Books and reading

The spaces between: ‘In the Margins’ by Gail Holmes

Australian writer Gail Holmes’ debut novel is inspired by a real woman who lived in seventeenth-century England, a time when bitter Civil Wars transitioned into Puritan religious and social intolerance.

Frances Wolfreston is a rector’s wife and as part of her role assisting her husband in his parish duties, the laws of the time require her to record the names of those who do not attend weekly church service. This sits uneasily with her, especially after her own mother is imprisoned for the crime of praying in the old, Catholic, manner. Frances is torn between her duty to her mother, to her husband and her young sons, to the church and the new government, and to those vulnerable souls in her community who need more care.

She is also a collector and lover of books, something her mother passed on to her, and an unusual pursuit at a time when the literacy rate amongst women was very low.

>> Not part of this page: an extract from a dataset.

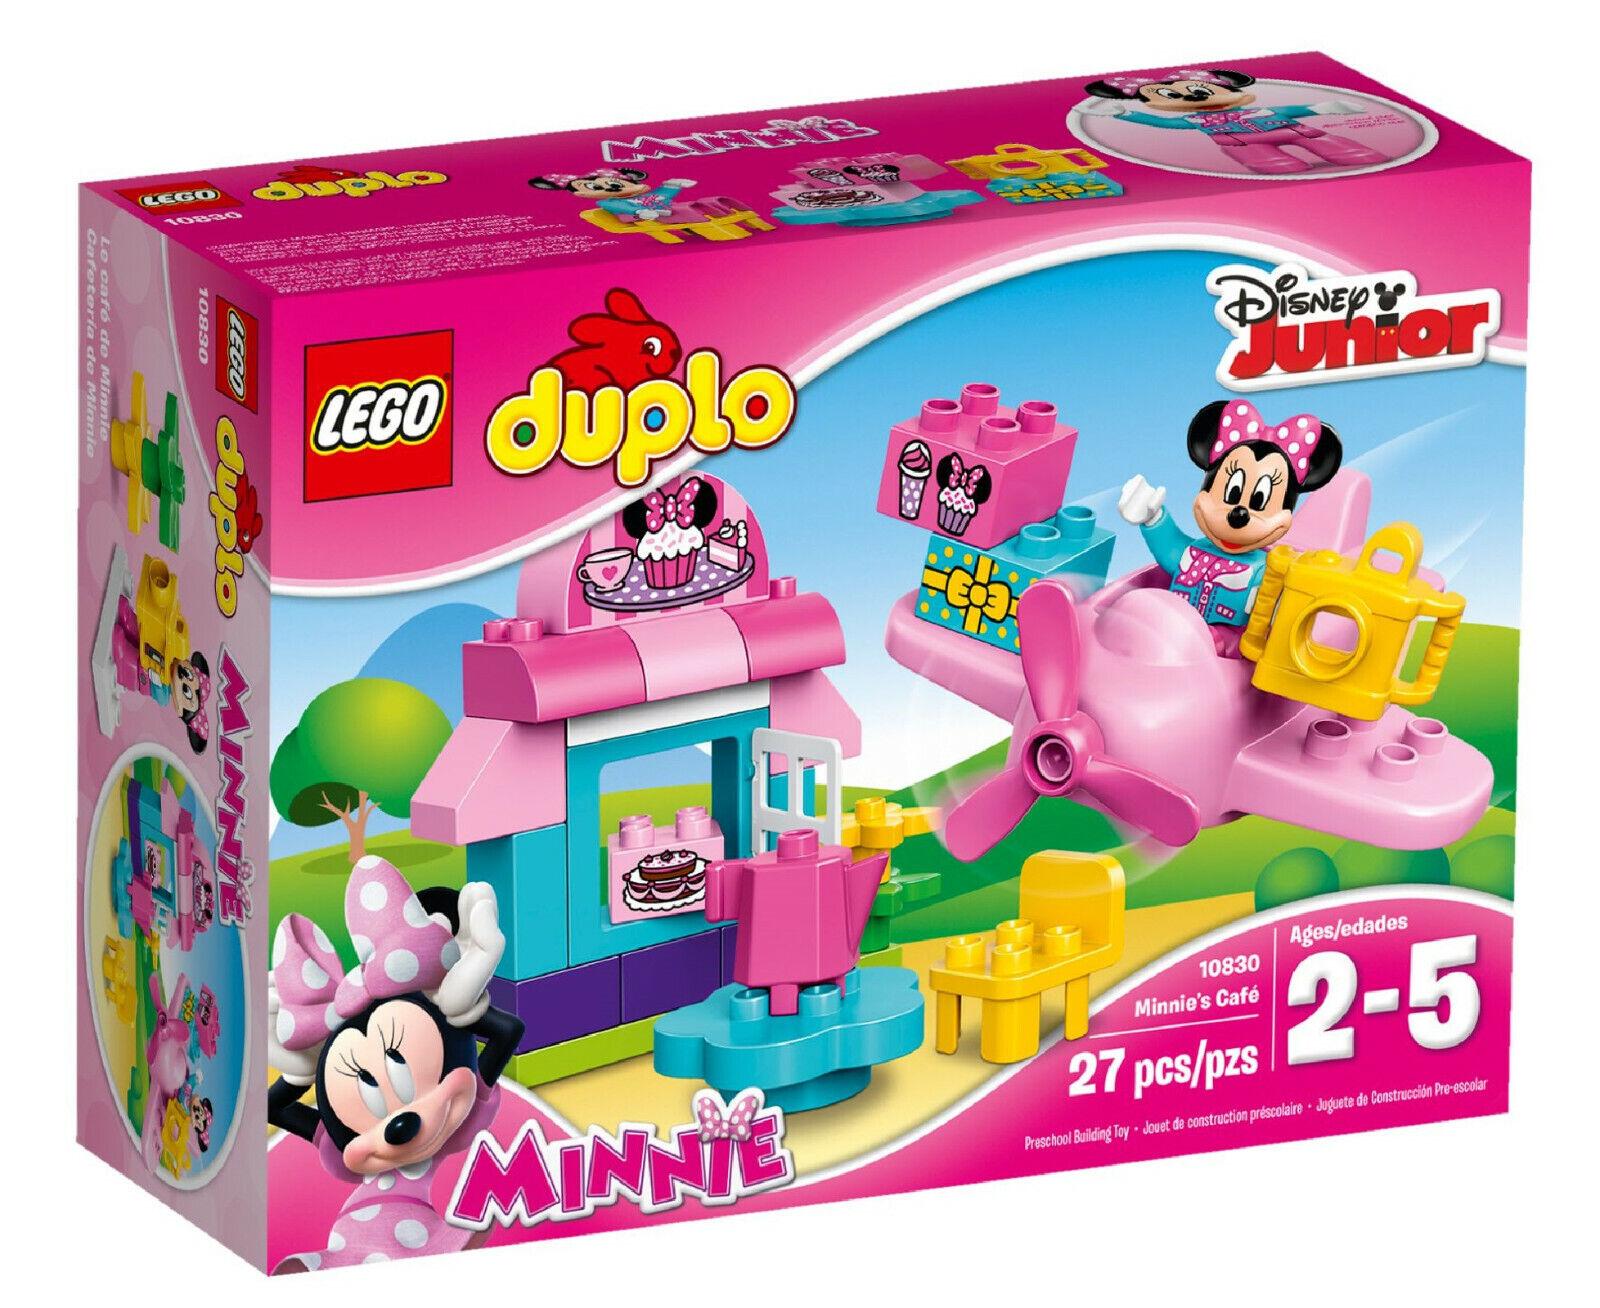 LEGO® Duplo® (10830) Minnies Café inkl Versand NEU&OVP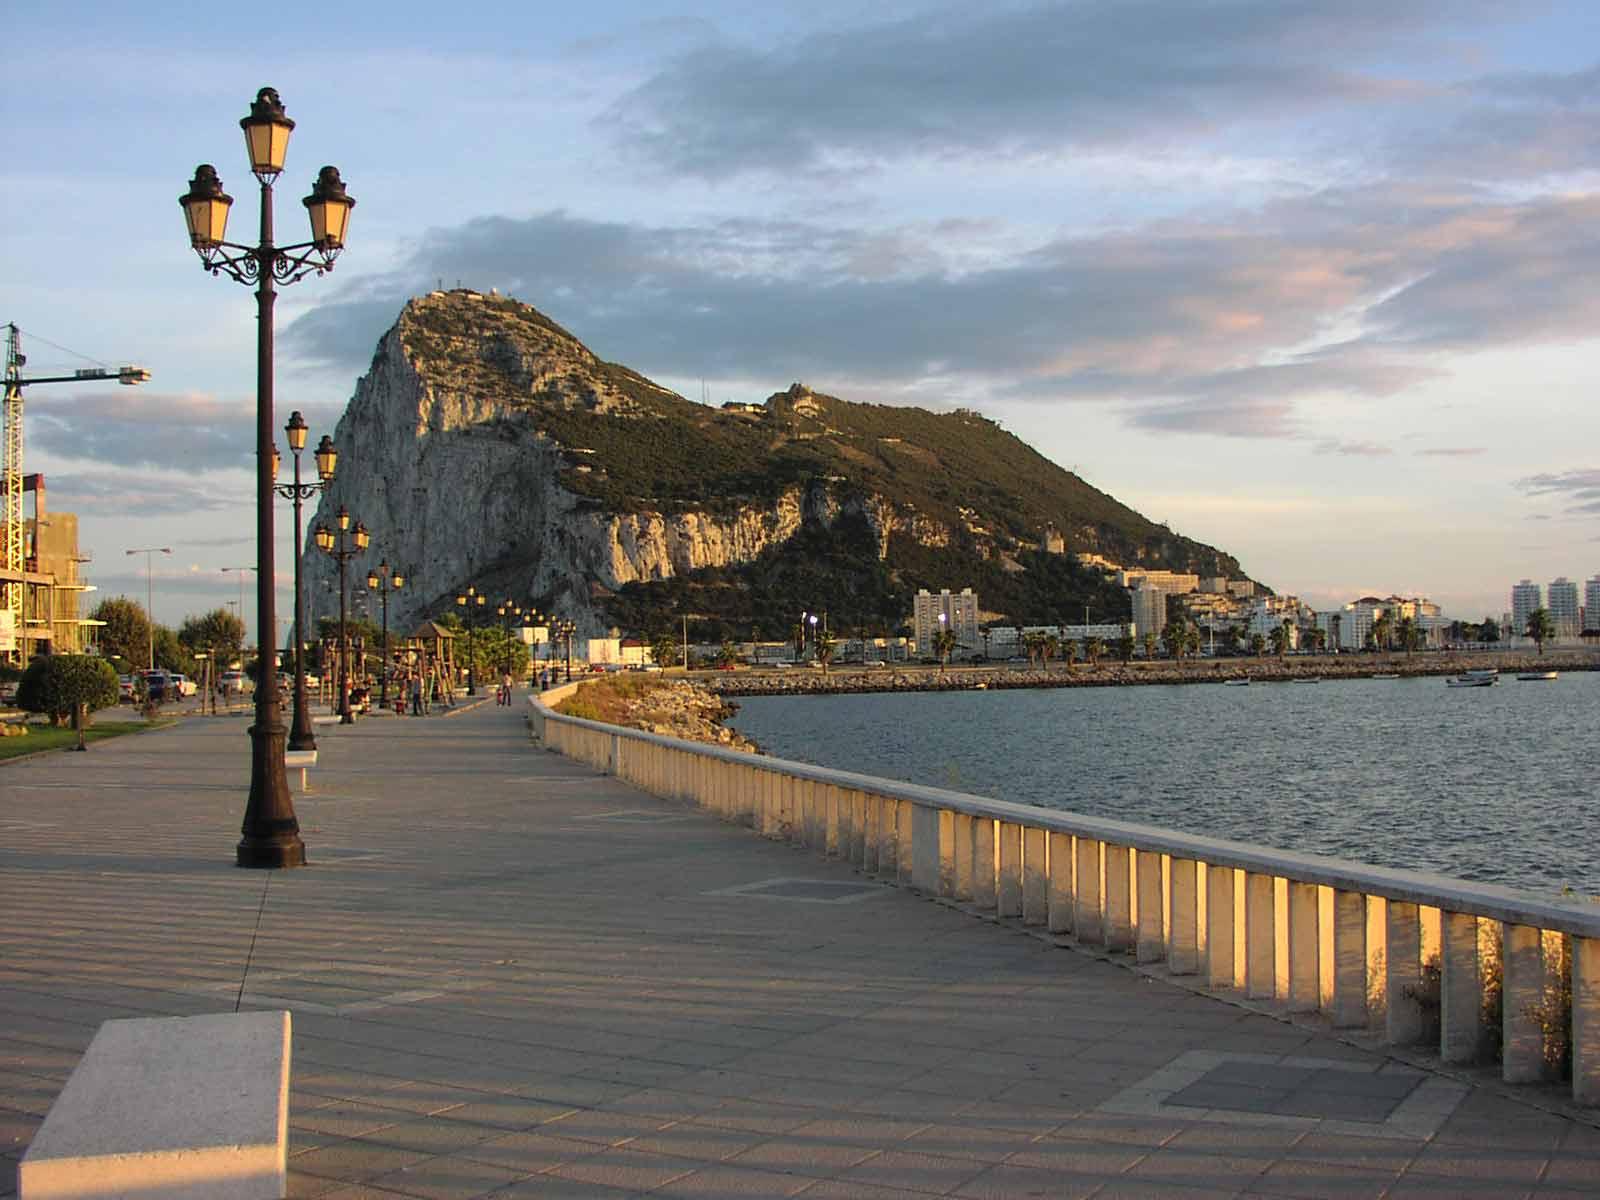 http://2.bp.blogspot.com/_saL7jbvi4GY/TPFSsge4ckI/AAAAAAAABNU/7xNQLU17JZ0/s1600/Enciclop%25C3%25A9dia+Gibraltar+-+Foto+-+%2528www.noholidaynolife.com%2529.jpg

As I often do when reading a novel based on or inspired by a real person or event, I went straight to the author’s note to see which bits of the story were from the historical record. I was delighted to learn that one of the ways historians have learned about the real Frances was her habit of inscribing her name in her books. Something many of us do today without much thought, but as the author points out, a subtly powerful gesture at a time when married women had almost no property rights of their own.

After years of researching and writing about women in my own family history, I am very attuned to the challenges of ‘finding’ women in historical documents, confined as many were to birth, marriage, and death records, and largely absent elsewhere.

So a novel woven around the life of a real woman who lived over 370 years ago about whom sparse records exist is both a stretch and an invitation – and the author has taken up the latter with enthusiasm and sensitivity.

This is a story about the tragedy of intolerance in all its guises (and let’s not kid outselves it went out with the Puritans). It’s also about the oppression of women in small ways and large – it touches chillingly on the witch trials of the seventeenth century – and the persecution of anyone deemed ‘different’.

But it’s also about the small acts of kindness and even of defiance that can glue families and communities together: the seemingly insignificant things done or words spoken, often by women and sometimes by men, too, that can make a difference in one life or many.

‘We are like the spaces between the words of a book. The words are what people see, what they argue over, fight wars over, swoon over, collect. Yet without the spaces between, there is nothing at all. We are the spaces, Mrs Edwards.’
‘Yet you want to teach all these common children to read those very words.’
‘If you can read the words, you can begin to see the spaces.’
In the Margins pp 273-274

In the Margins was published by Ultimo Press in 2024.
My thanks to the author for a copy to review.